Neal Stephenson, Cryptonomicon
The Internet as data highway – Daten-Autobahn; from the beginning this metaphor was smiled at contemptibly. German Chancellor Helmut Kohl rings in our ears and Al Gore is is unbearable self-righteousness.
Also Rany Waterhouse, the protagonist of Neal Stephenson’s great novel Crypotnomicon gets outraged on the sociologist Dr. Kivistik – apparently completely untouched by technology – spoiling his beautiful Internet by drawing the parallel of an “Information Superhighway” to its end.
“I know that you’re not qualified to have an opinion about technical issues.” Waterhouse barks helplessly back; the sociologist – in his opinion lacking technological insights – should just not be able to give a qualified statement on the Internet!

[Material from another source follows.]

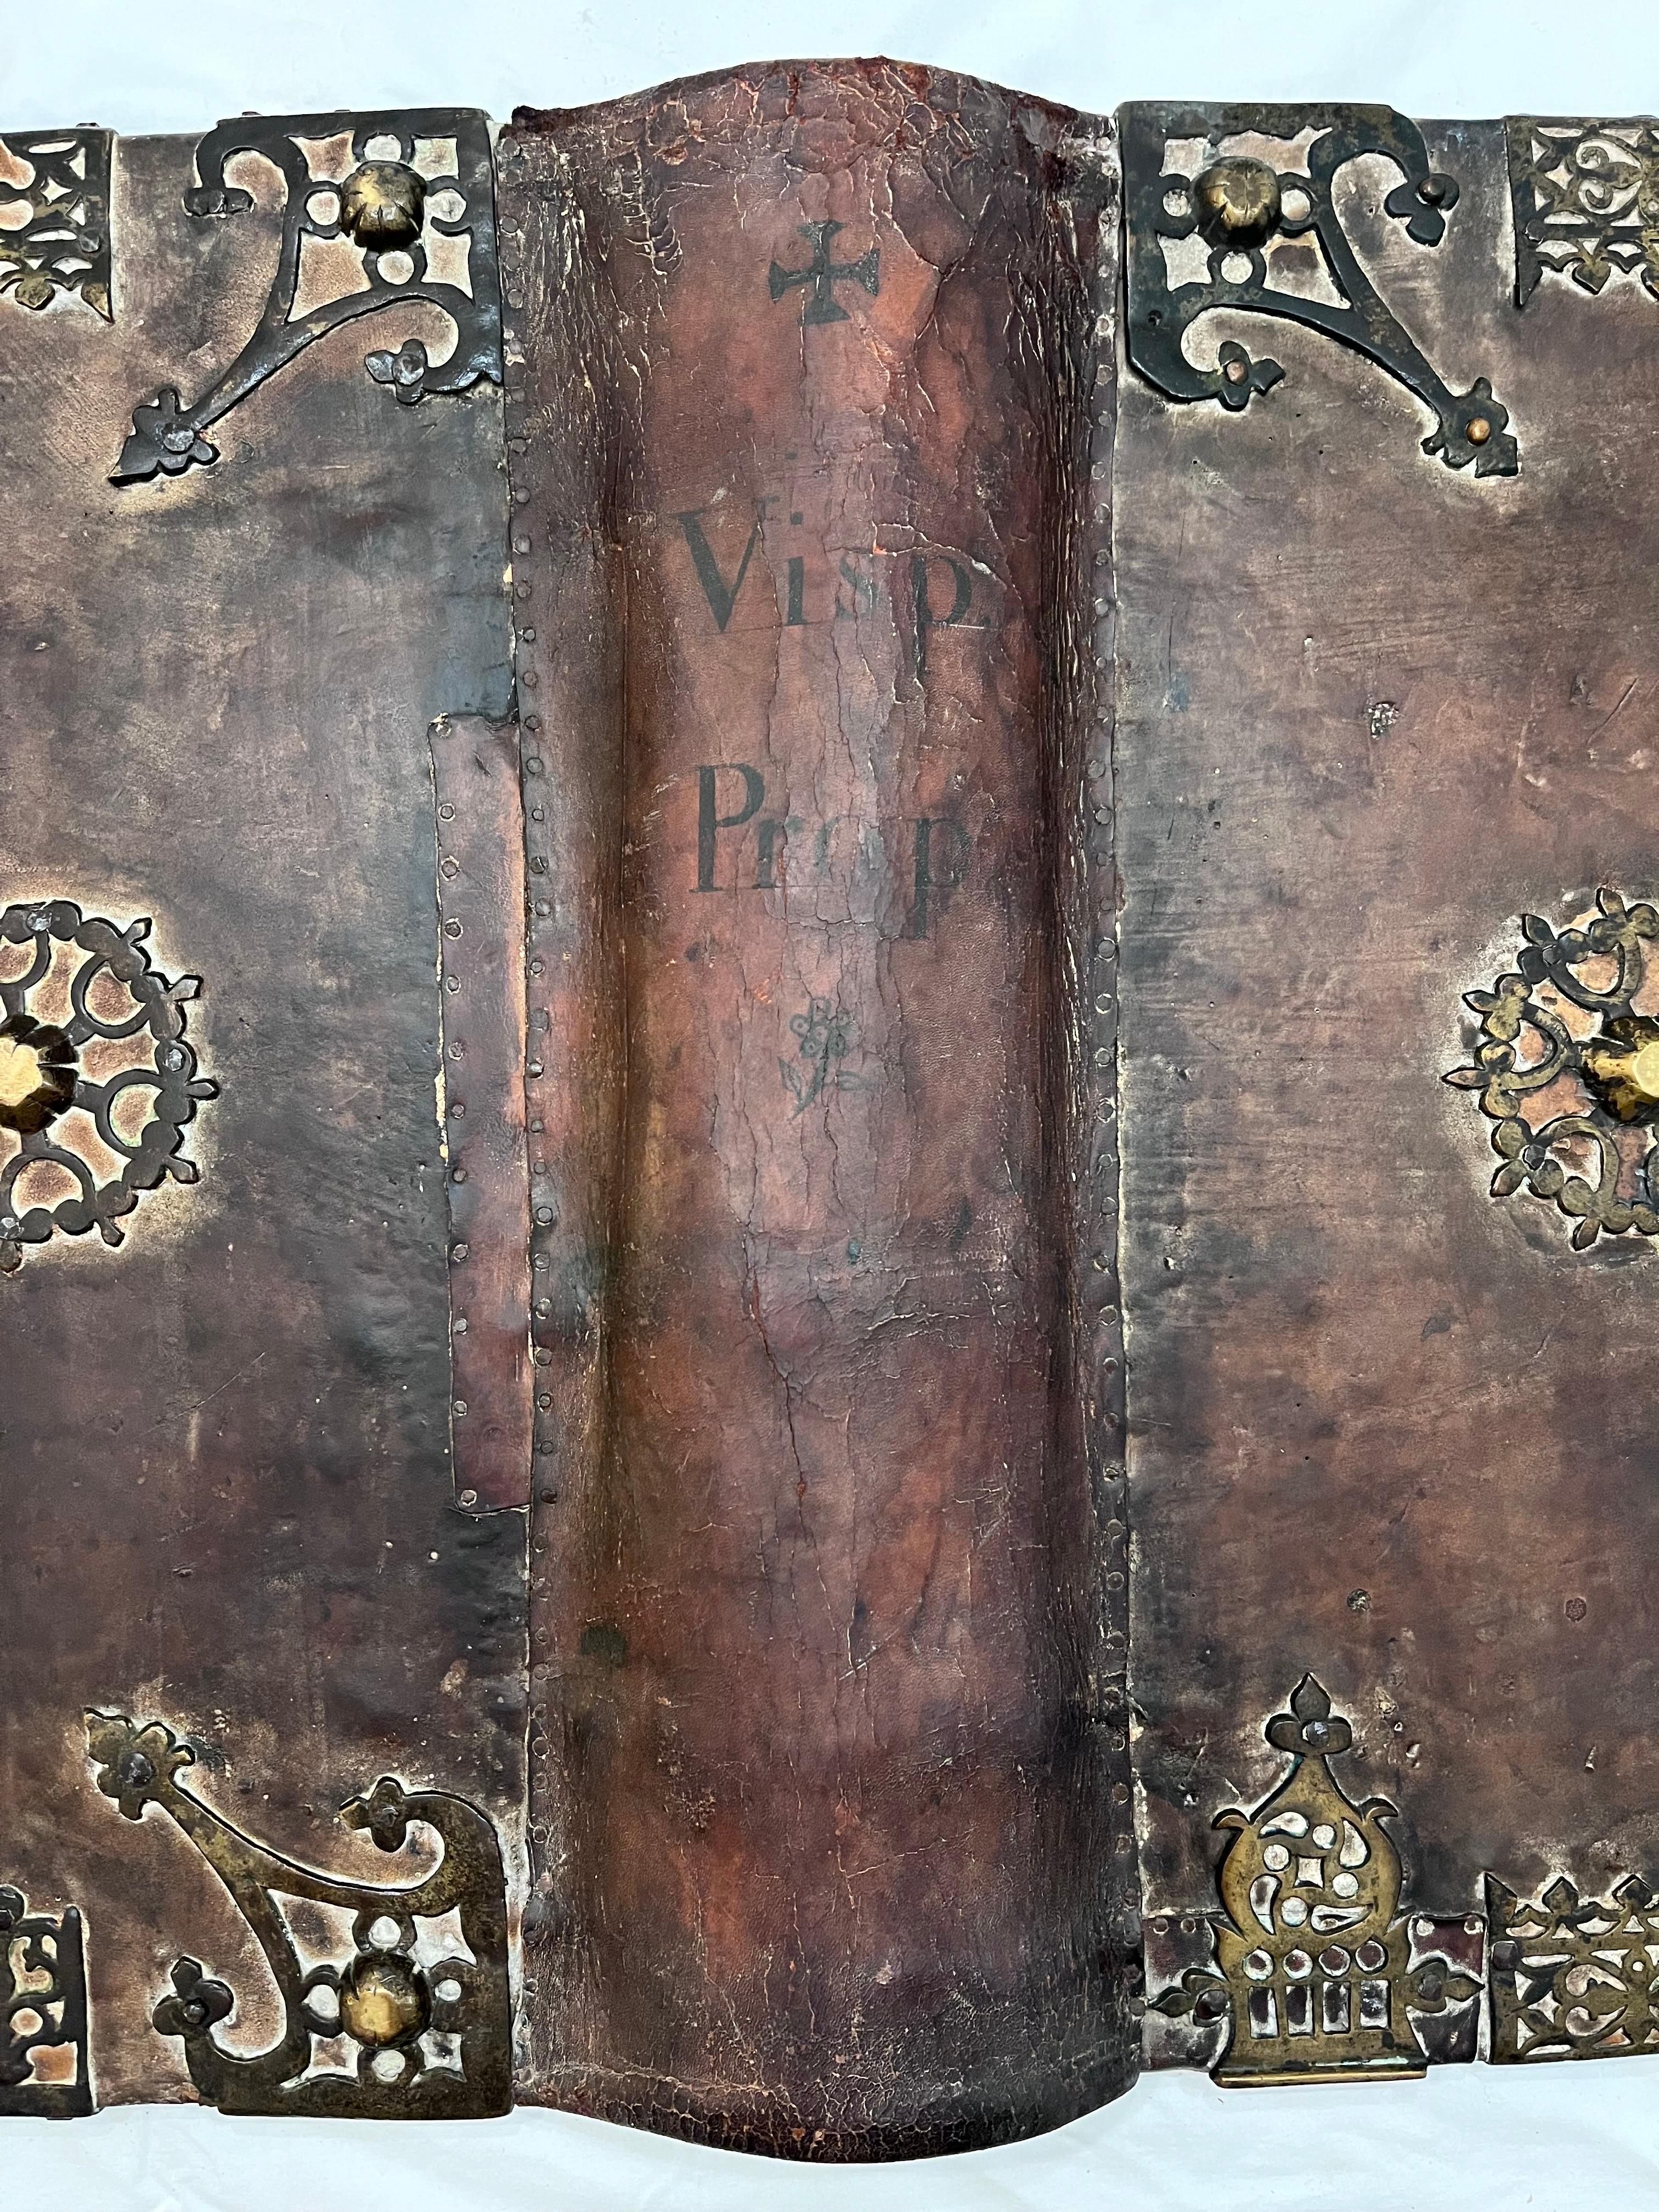 Ein antiker Bucheinband aus Tierhaut oder Vellum mit Messing- oder möglicherweise Bronzebeschlägen (manchmal auch Möbelstücke genannt) von monumentalem Ausmaß. Das Werk misst fast einen Meter in der Höhe! Eine Seite ist noch vorhanden, die

But the picture of the highway is very well not that inappropriate for the Internet – however not so much, because data speeds along some Backbones. It is rather, that to build Highways, you hat to plane away whole landscapes, and former remote spots suddenly become suburbs of the metropoles.
“The American way of life: [...] What America has to offer: comfort, the best gadgets in the world, ready for use,[...]wherever they go, everything is turned into a highway with the world as a wall of billboards on either side [...]“
Max Frisch puts in the mouth of his misanthrope Homo Faber. The highway as picture for waste land, the monotonous, flanked by advertising. The planing and homogenisation of once varied regions: for this analogy of highway and Internet there is likely much sympathy amongst the book sellers!
And while regions, connected to the highway get homogenised to one periphery, the remaining land moves suddenly far away. People without a car loose their connection – in the very sense of the word.
Not being active
The tendency to plane down, to grade, to misappropriate on the one hand and marginalise on the other, that comes with the Information Highway, has to get opposed by a framework that gives everybody the same chance to use the Net and at the same time preserves the multitude of opinions, and counteracts homogenisation by “affirmative action” on minorities.
In the meantime I have not been using search engines for three weeks. I am not strict with that – one week or three or for ever – this is likely the same. I have to date not reached a point, at which it would be hard to get perfectly oriented in the Internet and in the real world without Google.
In Google’s system, I see the Information Superhighway – for better and for worse- come to perfection. Everything gets in reach, everything can become visible and accessible. Everything gets planed into a hit-list, changing the world into the wall of billboards as in Max Frisch’s quote above.